▶ [Exercise goal] The answer is the full listing restated exactly, without any pictures.

▶ [Given information]
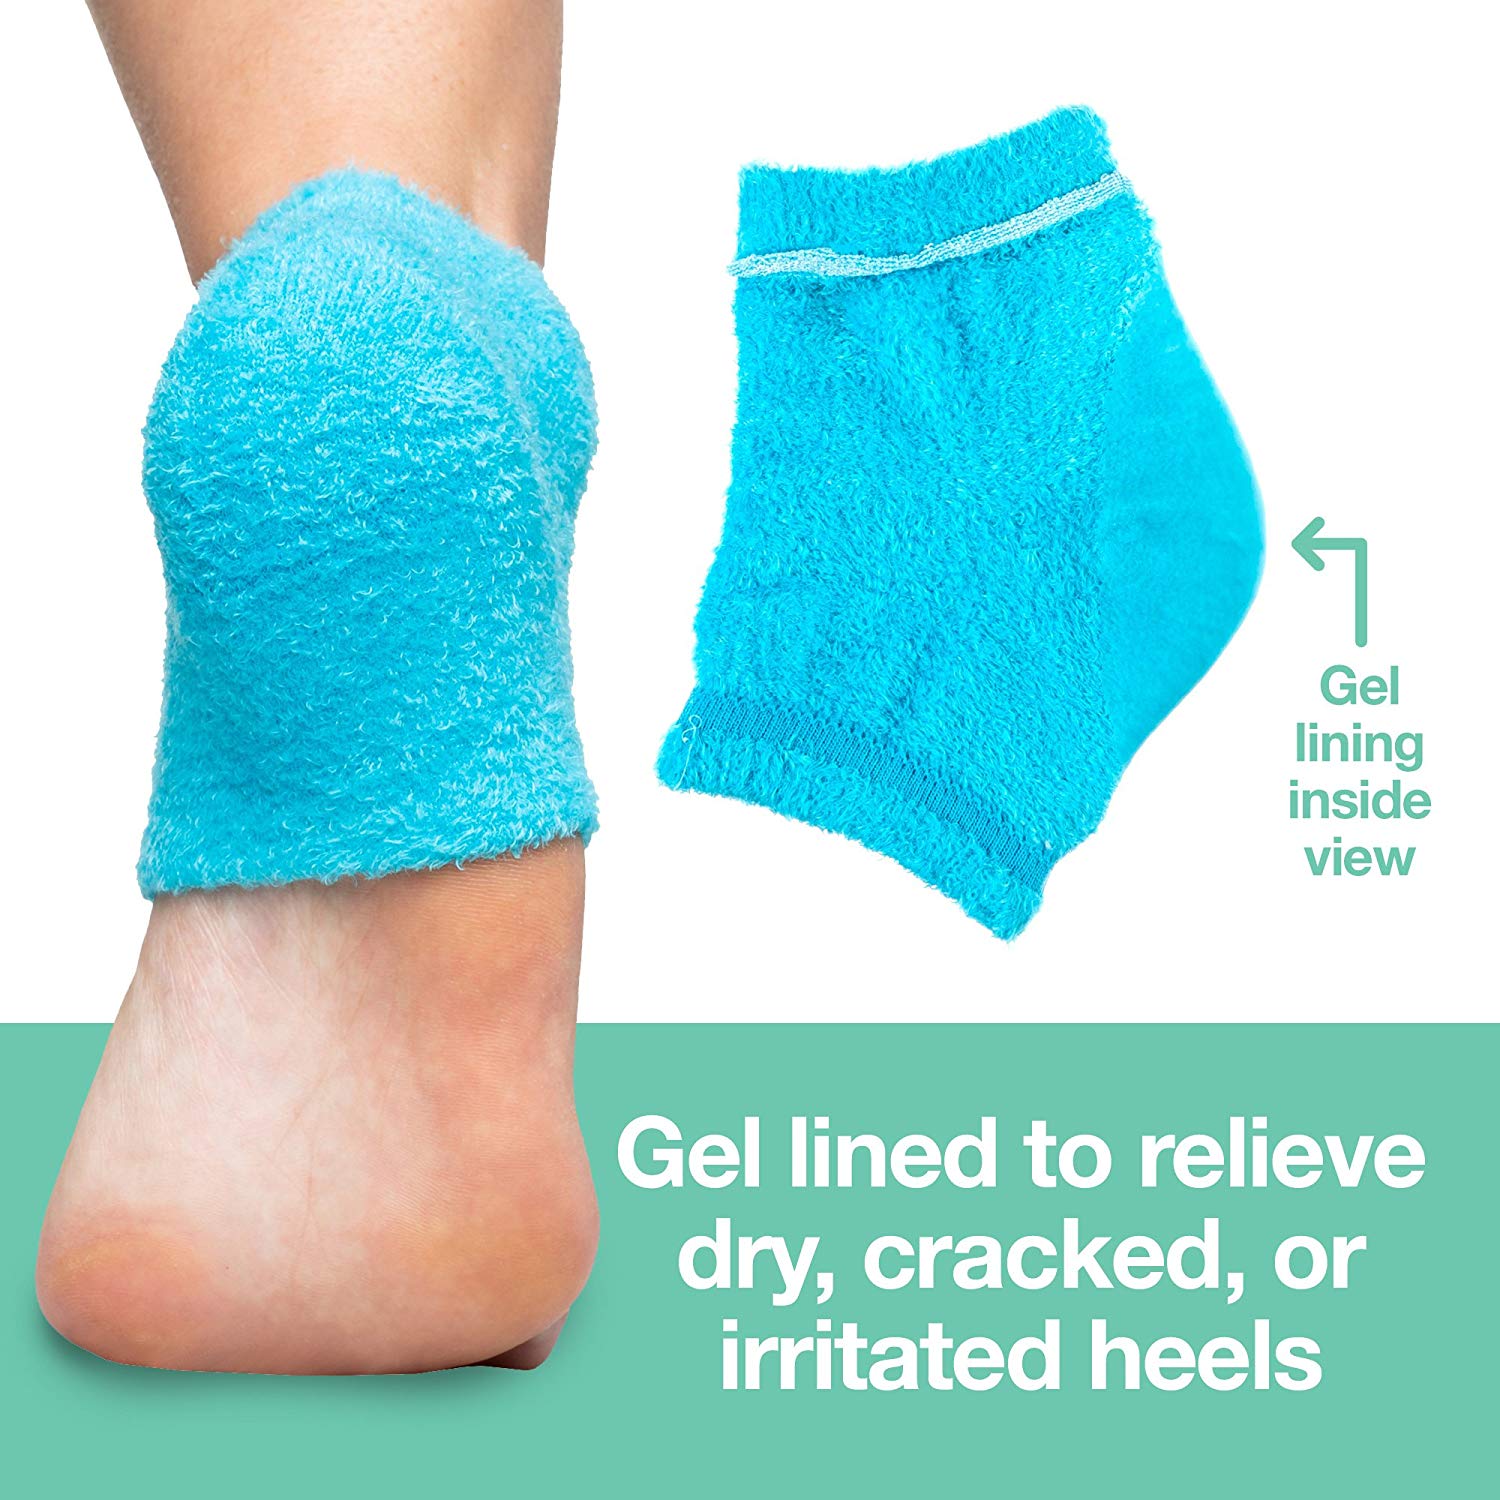 Moisturizing Gel Socks - Foot Moisturizing Socks for Dry Feet and Cracked  Heel Spa Treatment, Relief Therapy Cracked Feet Repair with Moisturizer and
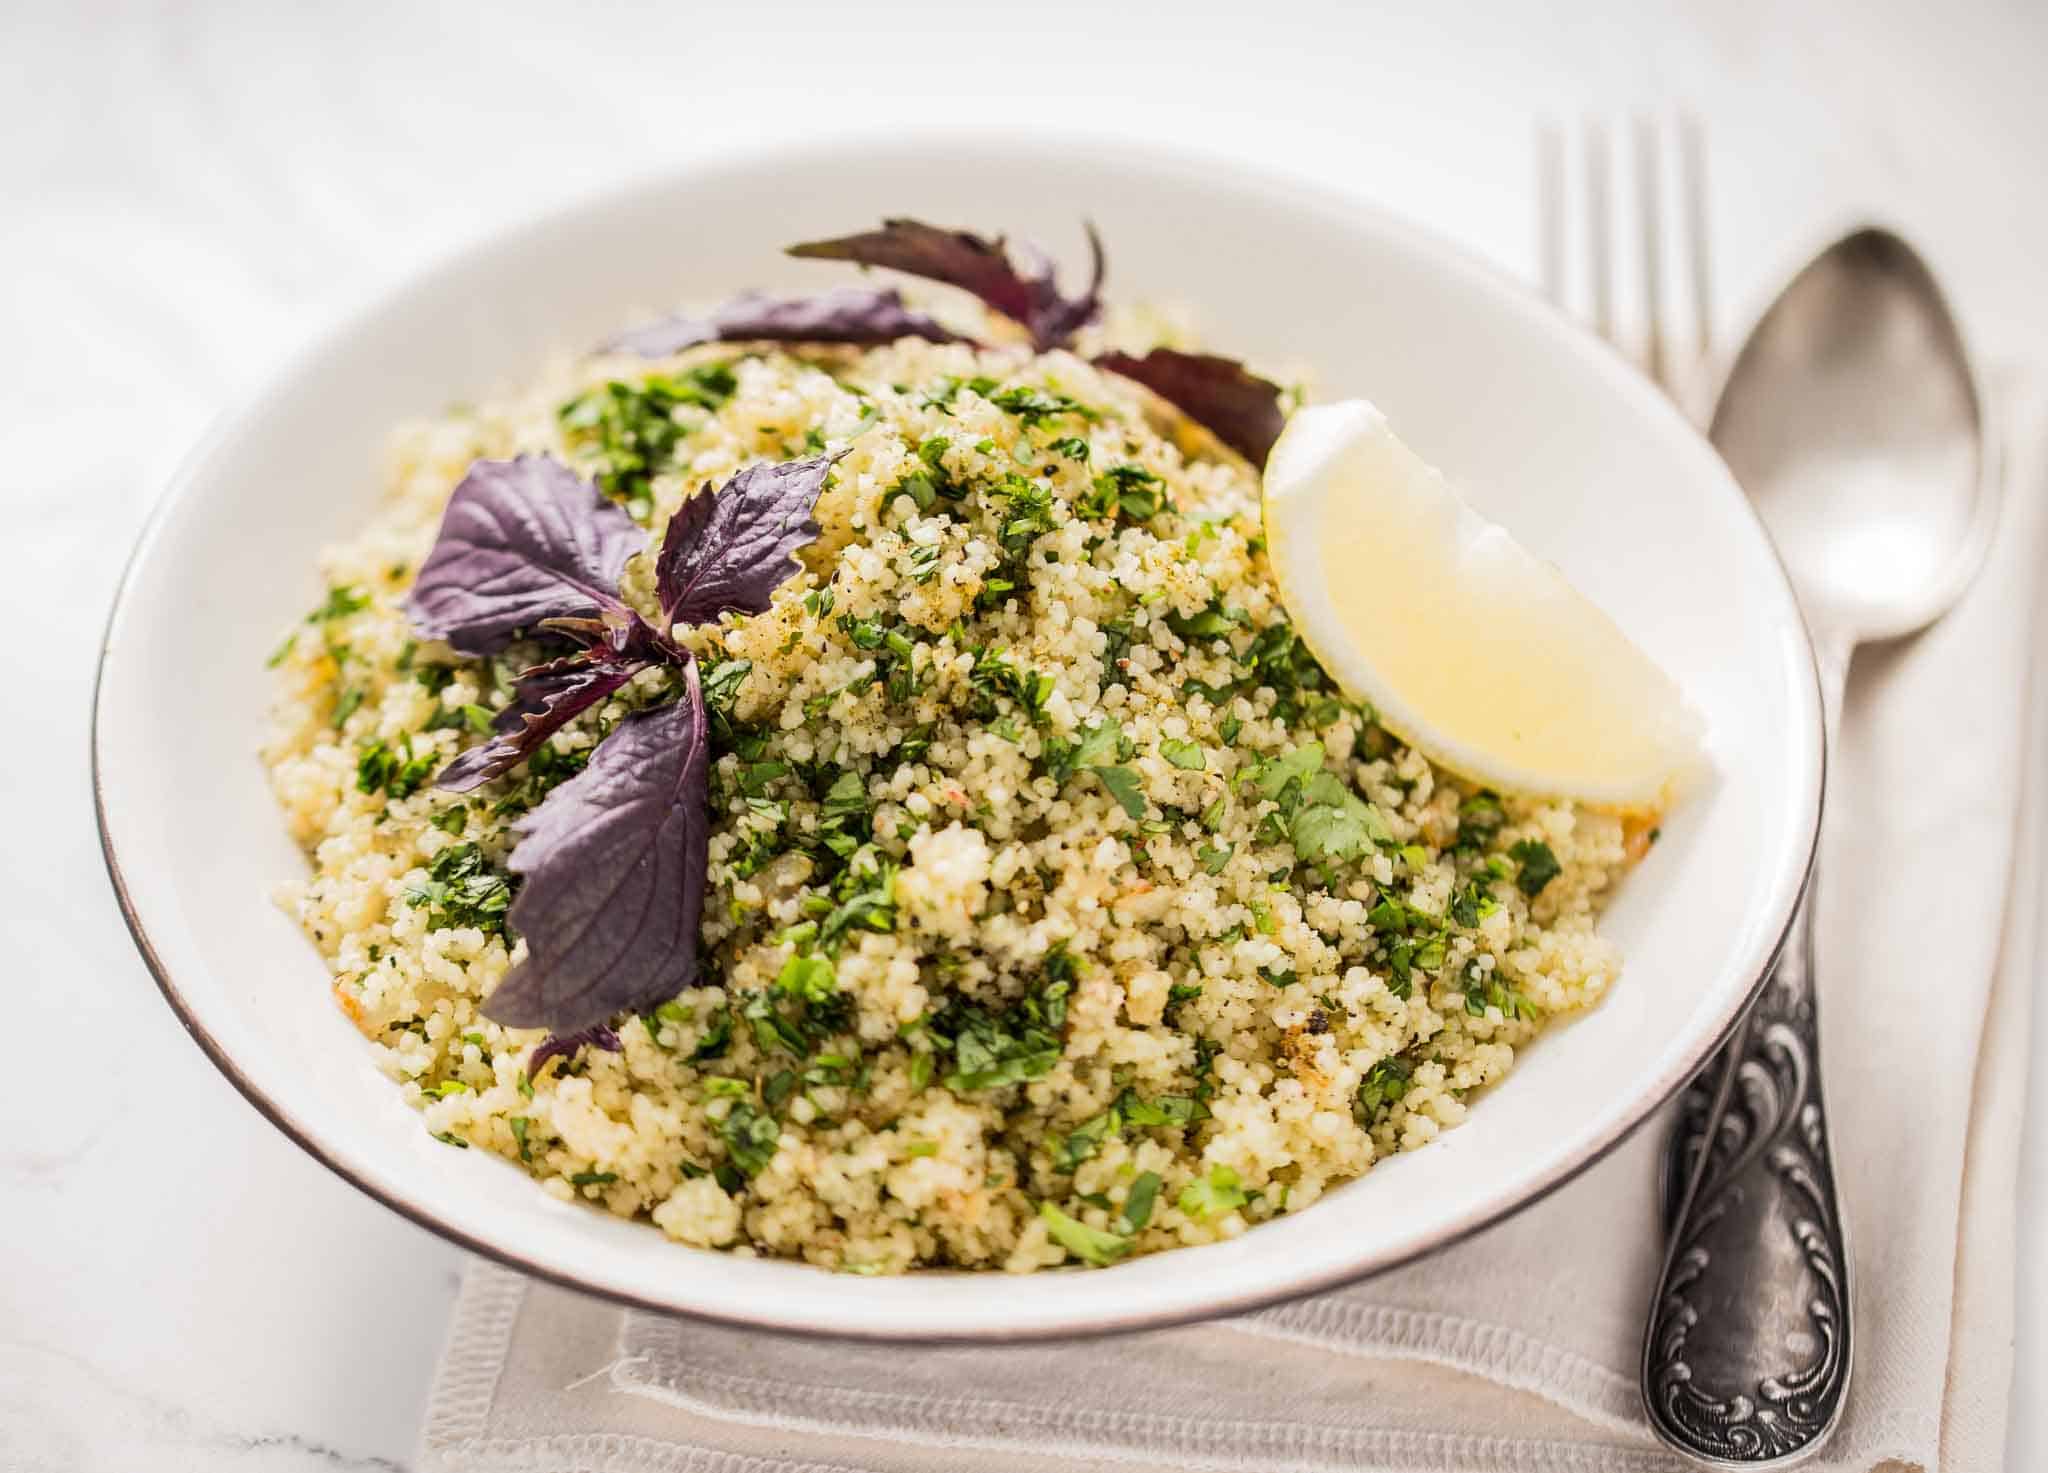 Perfectly cooked couscous can be a light snack by itself or a side dish for many other dishes like stews and curries. This incredibly easy couscous recipe takes less than 15 minutes to cook and one sure to bookmark as a favourite.
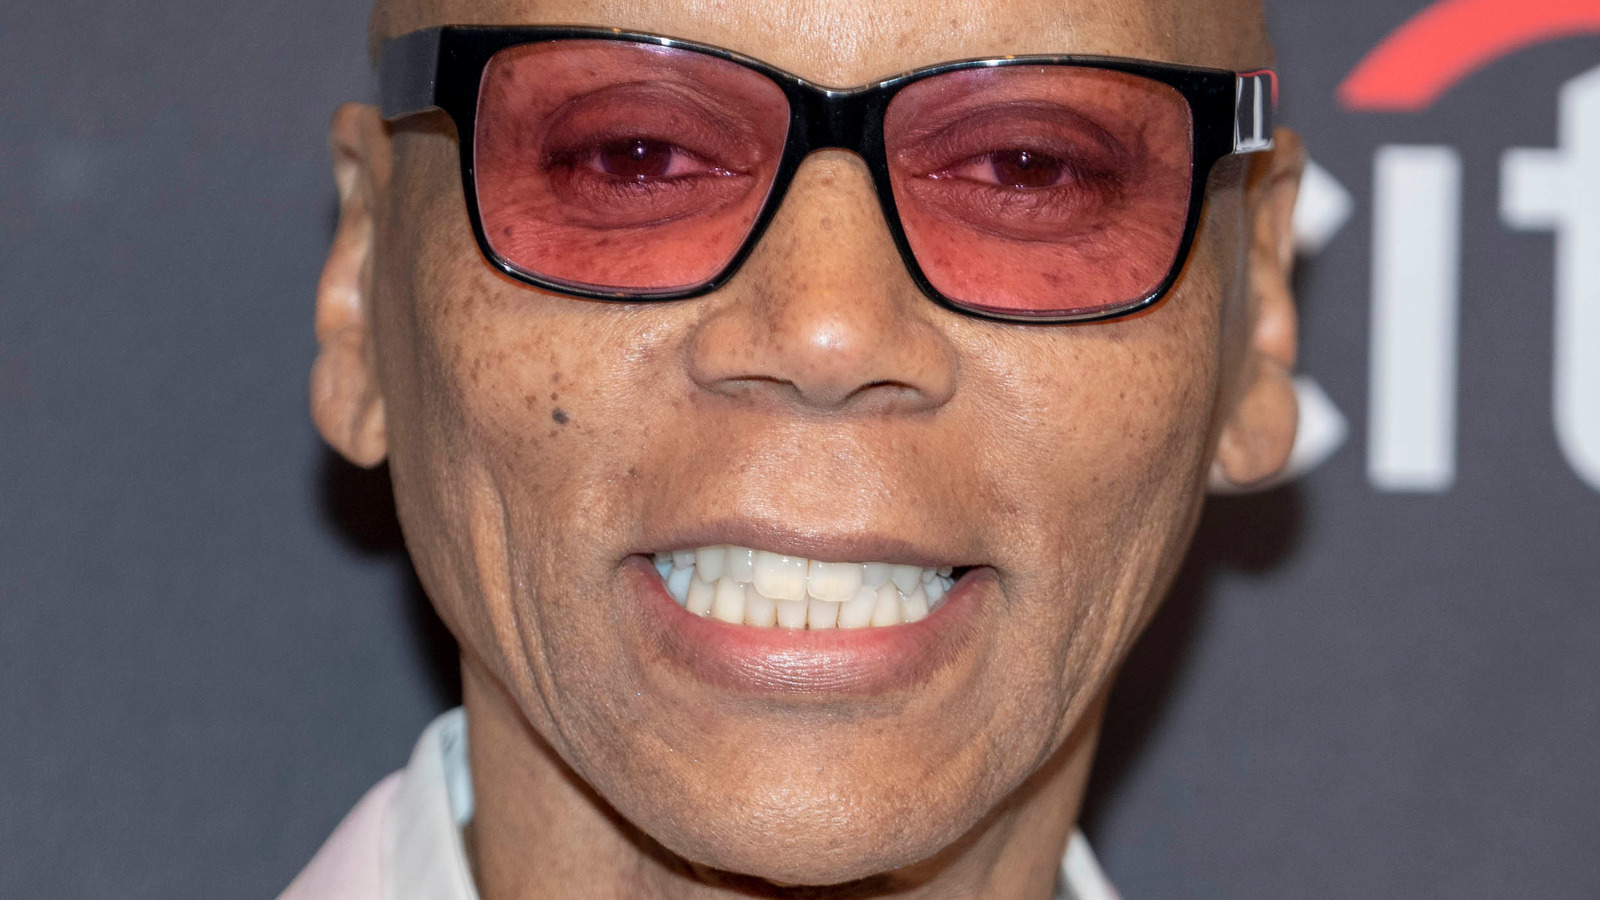 How Much Does RuPaul Make Per Episode Of RuPaul’s Drag Race?

▶ [Answer below]
 Moisturizing Gel Socks - Foot Moisturizing Socks for Dry Feet and Cracked  Heel Spa Treatment, Relief Therapy Cracked Feet Repair with Moisturizer and
 Perfectly cooked couscous can be a light snack by itself or a side dish for many other dishes like stews and curries. This incredibly easy couscous recipe takes less than 15 minutes to cook and one sure to bookmark as a favourite.
 How Much Does RuPaul Make Per Episode Of RuPaul’s Drag Race?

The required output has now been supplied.